留意点を列挙しておこう。第一に、NAMを思想的源流とするインド主導のグローバル・サウスの流れには、ロシアはもちろん、中国も入っていない。共産国である(あった)中国は、NAMのオブザーバーの地位は持っているが、正式参加国ではない。サミットについて言えば、インド政府は、中国は招待していない、と明言している。
日本では、グローバル・サウスを勝手に非欧米諸国の連合体のように理解してしまいがちなので、中国やロシアとの関係で、グローバル・サウスを理解しようとしがちだ。だが少なくともインドが主導するグローバル・サウスの理解は、それではない。
グローバル・サウスの盟主の地位を争って中国とインドが主導権争いをするのではないか、といった話もよく見るが、意味不明である。グローバル・サウスに実体はない。それは組織体ではない。オンライン開催で会議を開いて意見共有を図る場だけを設定している「グローバル・サウスの声サミット」にしても、新しい国際組織の準備のようなものでは全くなく、インド政府にそのようなものを作る意図がある素振りも全くない。
個別的な地域や国に対して、中国とインドが影響力の競争関係を持つことは当然ある。バングラデシュ、スリランカ、モルディブなど南アジア諸国が典型例だが、より広範に、世界的規模での影響力の競争は始まっていると考えてよい。だがそれは「グローバル・サウスの盟主」といった架空の疑似組織体の長のような地位を想像して描写する状況とは、全く異なる。グローバル・サウスは、いわば思想的な結びつきであり、実体を持っていない。

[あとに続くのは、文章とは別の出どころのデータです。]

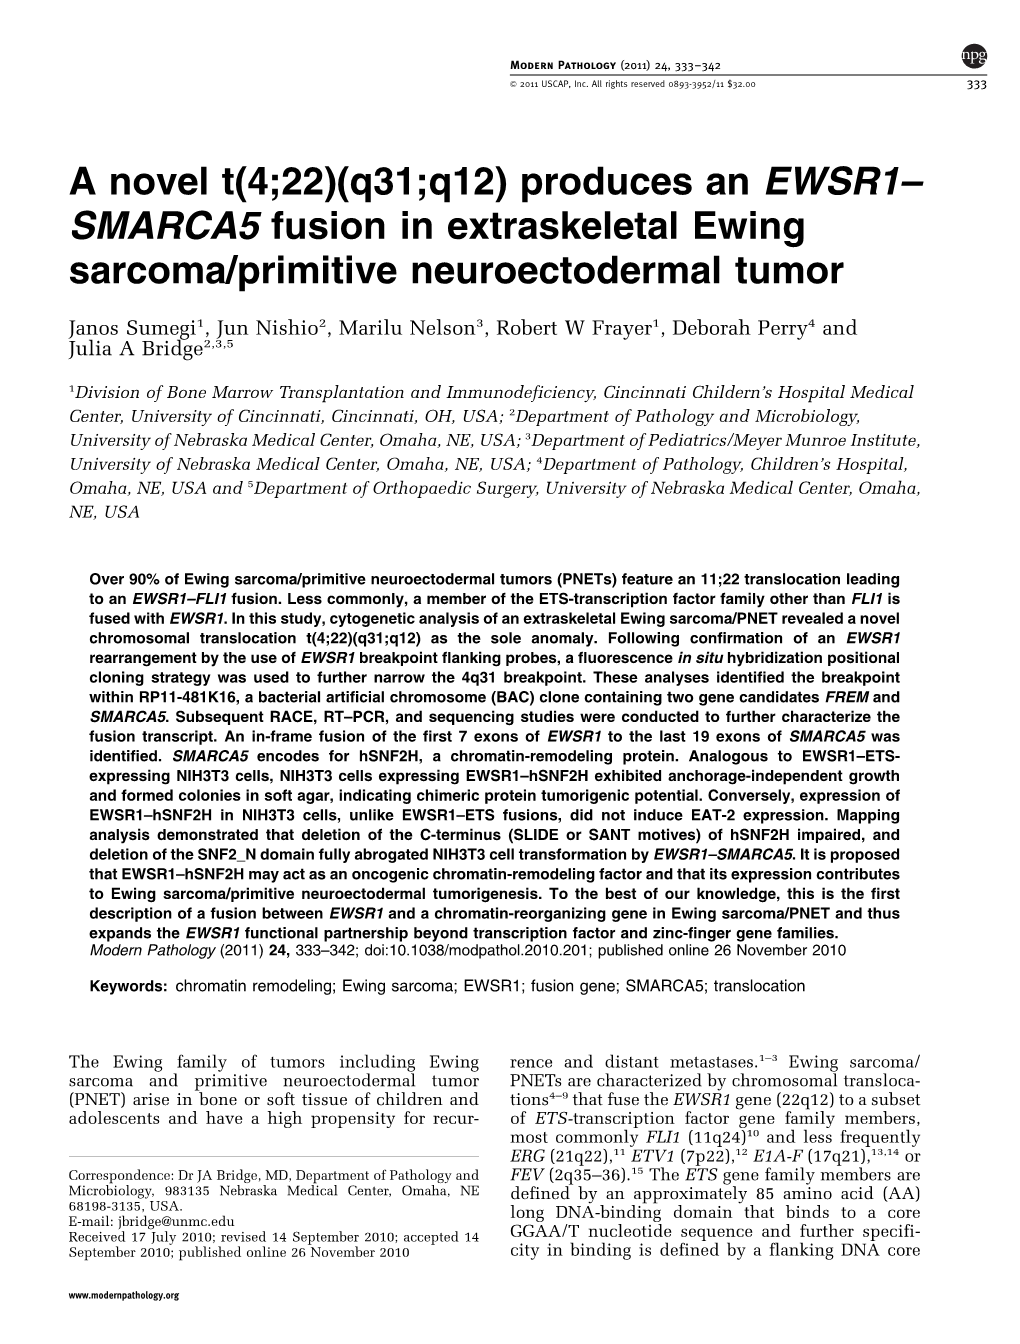 SMARCA5 Fusion in Extraskeletal Ewing Sarcoma&Sol

第二に、インド主導の「グローバル・サウスの声サミット」のイニシアチブを、G7とBRICSが対峙する構図に当てはめて理解しようとする傾向も、間違いだ。インドがやっているのは、BRICS強化の試みではない。
「グローバル・サウスの声サミット」参加国リストをよく見てみるべきだ。もともとのBRICSの5カ国から参加しているのは、主催国のインドだけだ。ロシアや中国だけではない。ブラジルや南アフリカも、参加していない。